• Dataset extract

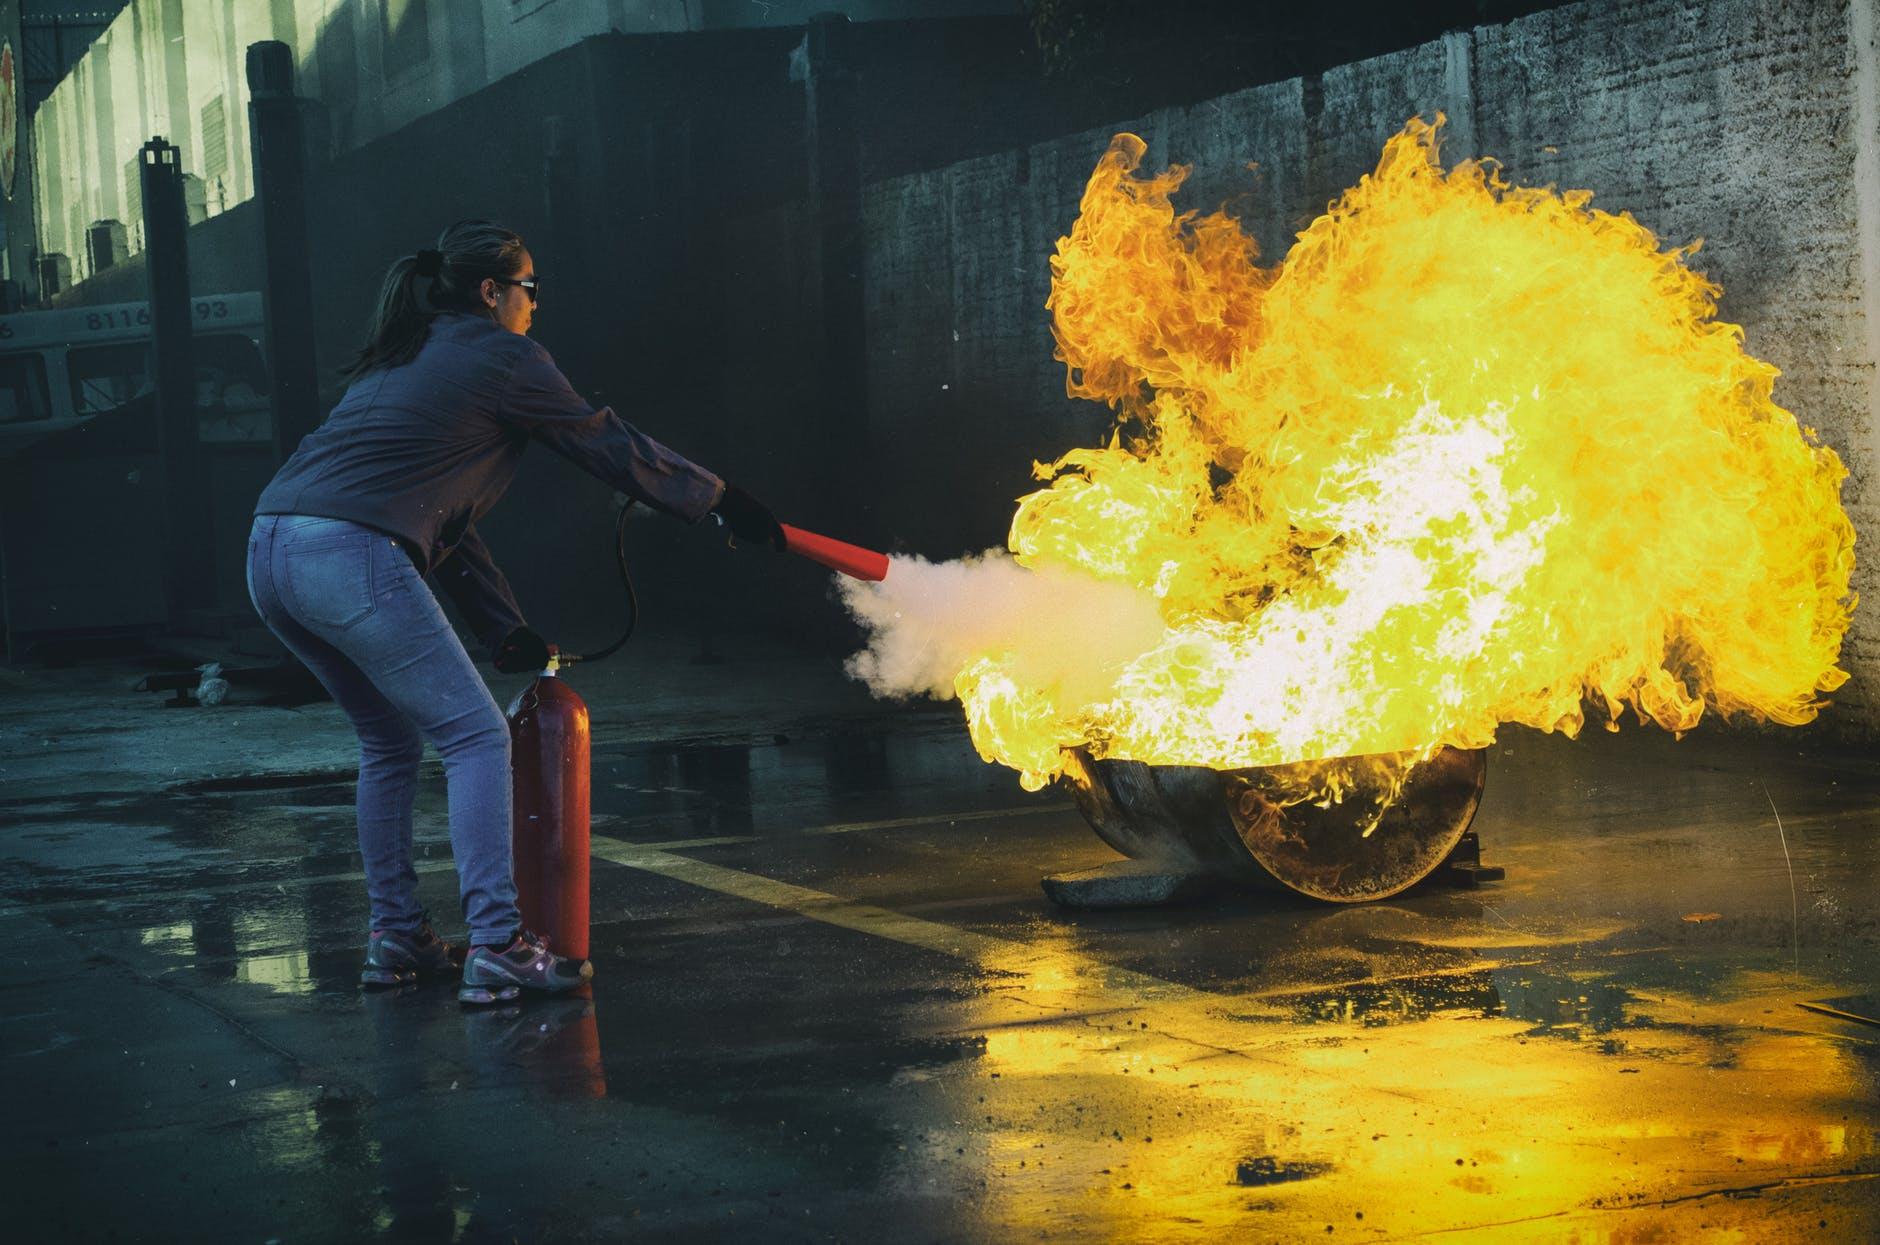 4 Langkah Cara Menggunakan Tabung Pemadam Kebakaran
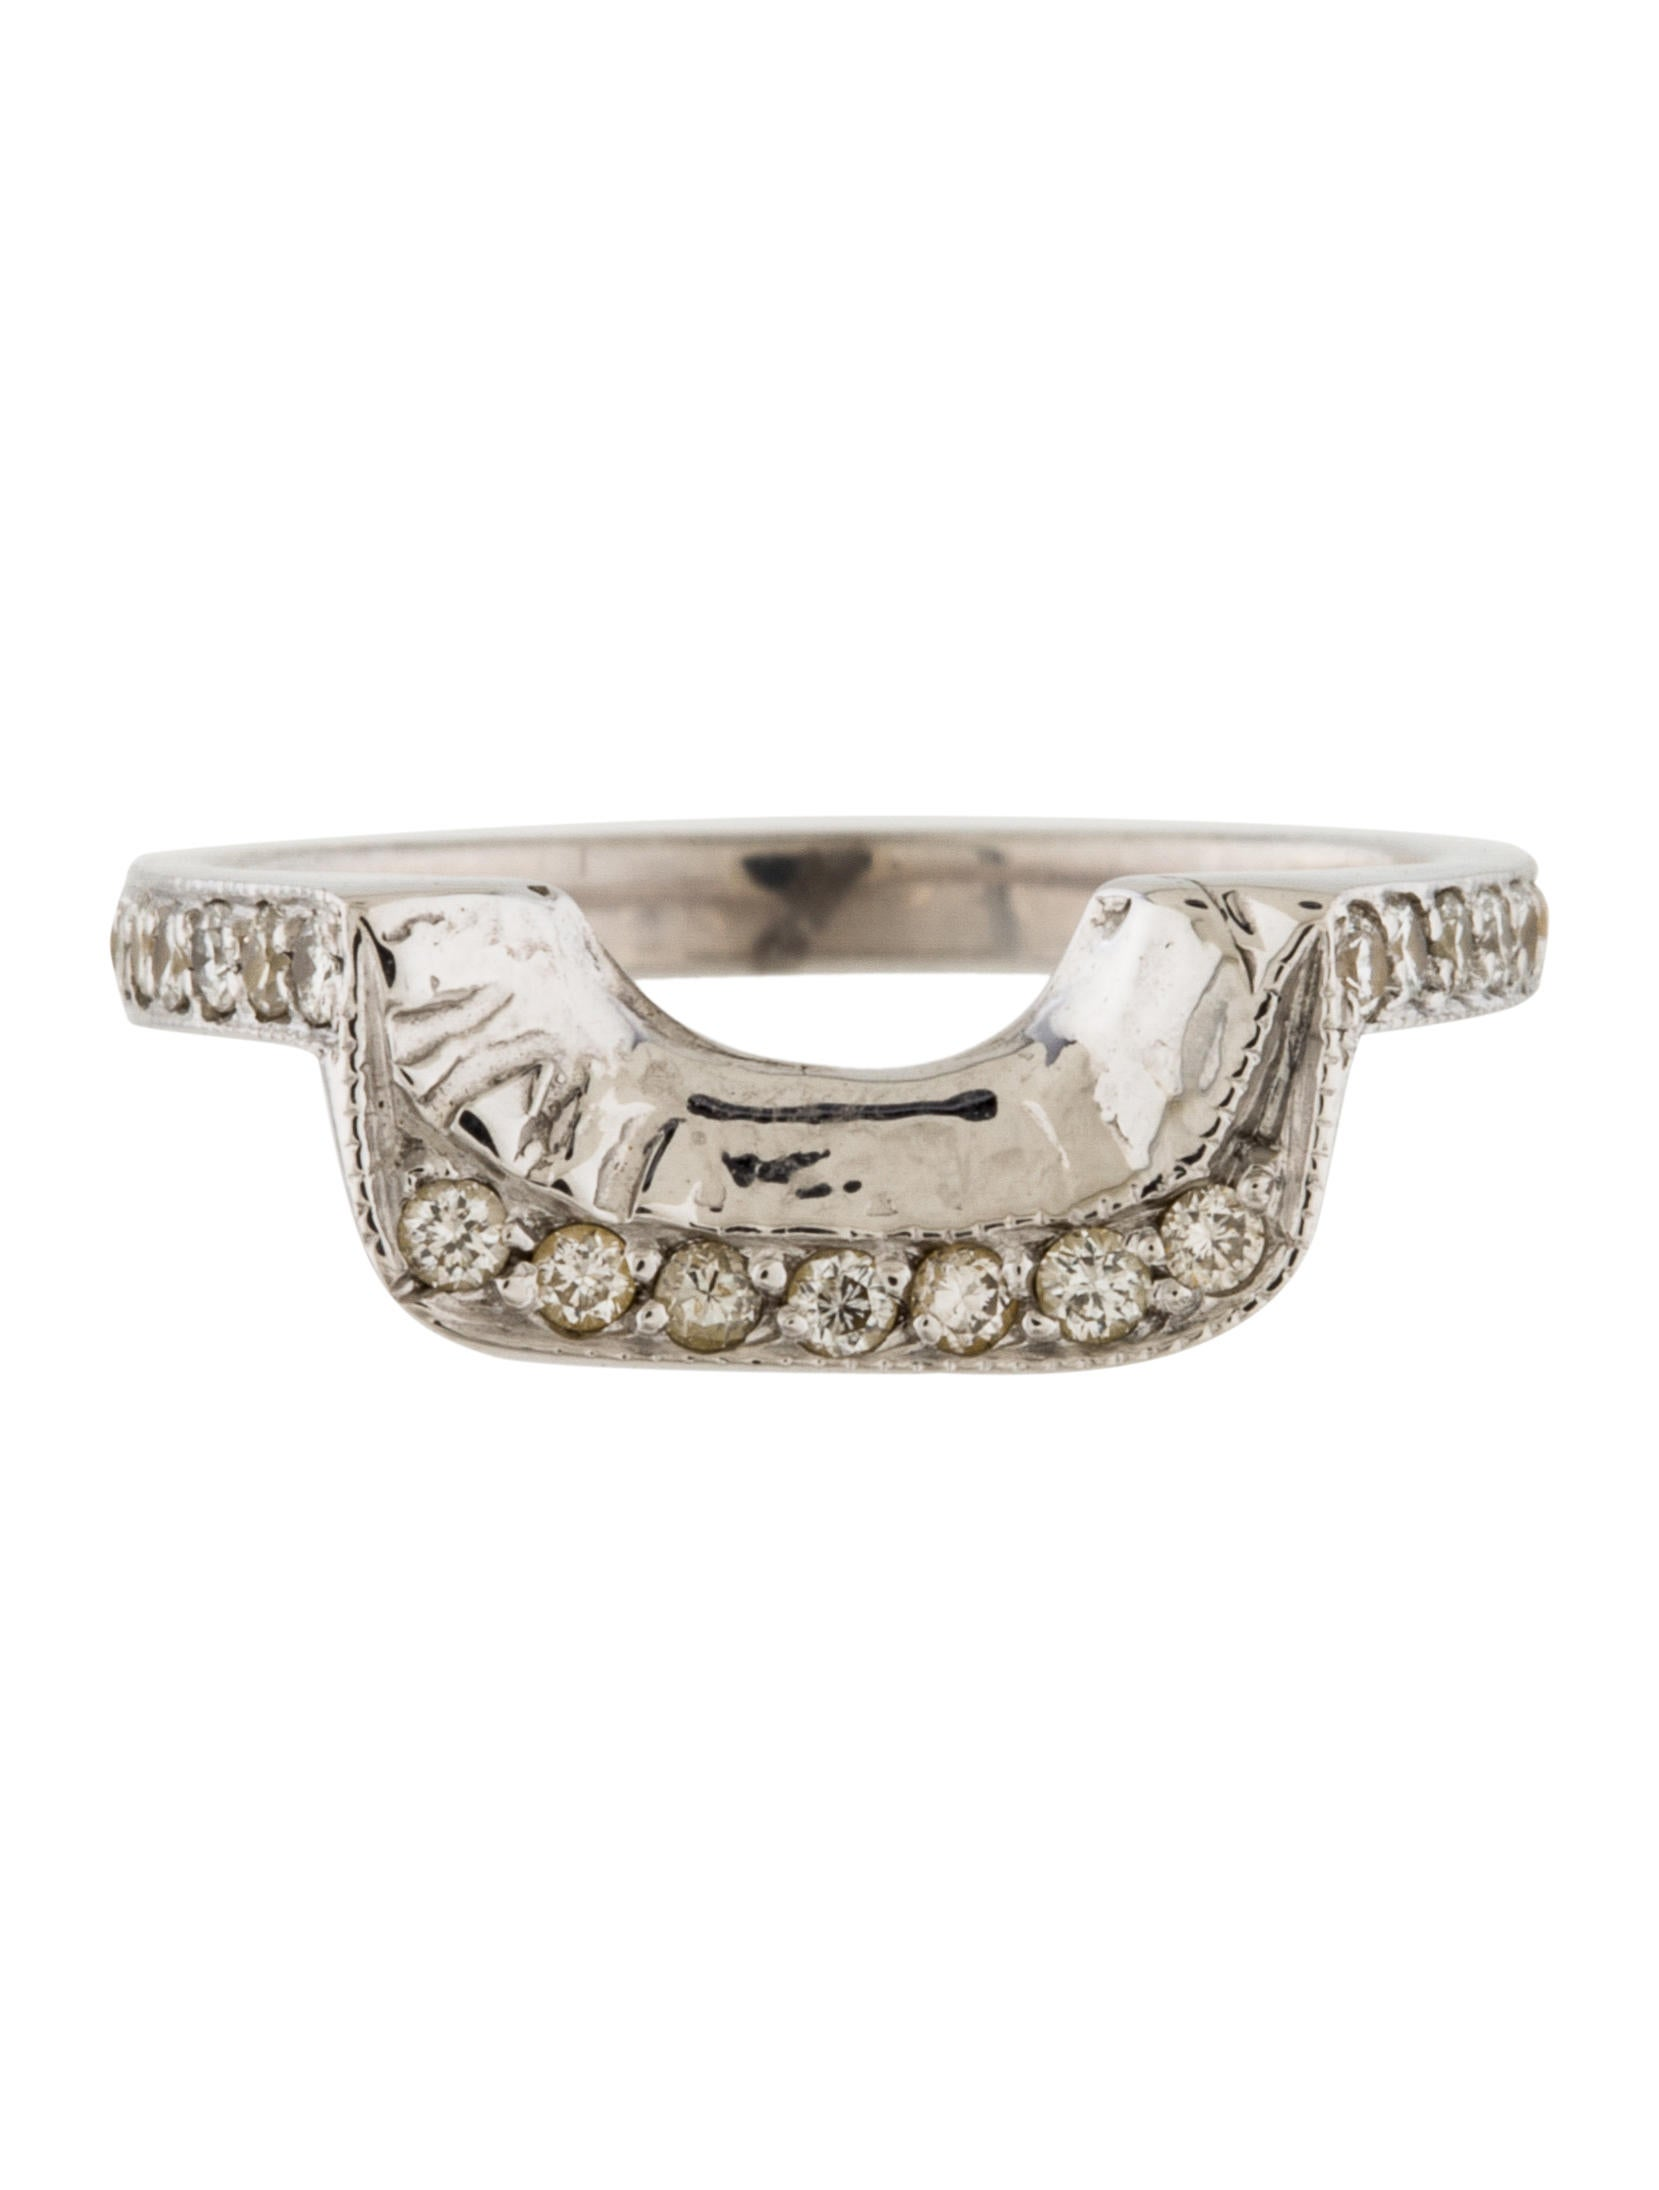 14k Diamond Contour Wedding Band  Rings  Rring38800. Teething Rings. Peach Bowl Rings. Iconic Rings. Spiritual Wedding Rings. Whimsical Engagement Rings. 24.99 Engagement Rings. Clear Quartz Wedding Rings. Tie Rings
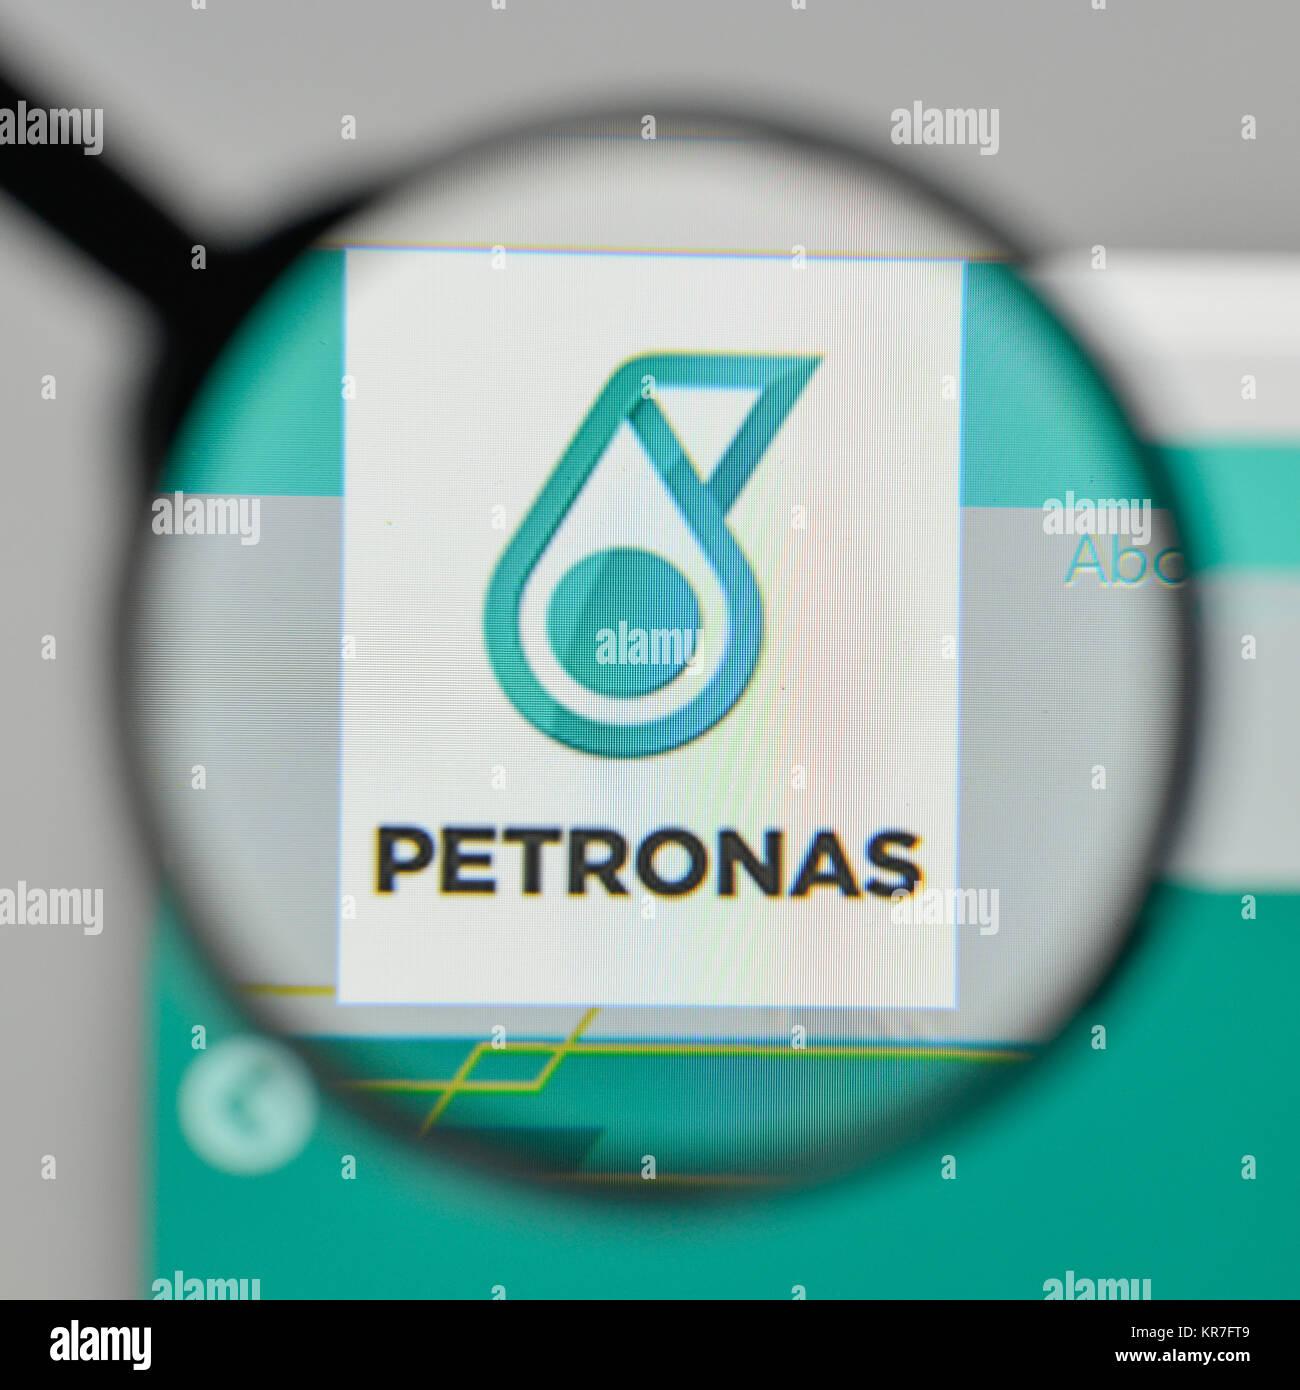 Milan italy november 1 2017 petronas logo on the website stock milan italy november 1 2017 petronas logo on the website homepage buycottarizona Gallery

• The task
All of the material should be written out again exactly, apart from the pictures.

• Written answer
 4 Langkah Cara Menggunakan Tabung Pemadam Kebakaran
 14k Diamond Contour Wedding Band  Rings  Rring38800. Teething Rings. Peach Bowl Rings. Iconic Rings. Spiritual Wedding Rings. Whimsical Engagement Rings. 24.99 Engagement Rings. Clear Quartz Wedding Rings. Tie Rings
 Milan italy november 1 2017 petronas logo on the website stock milan italy november 1 2017 petronas logo on the website homepage buycottarizona Gallery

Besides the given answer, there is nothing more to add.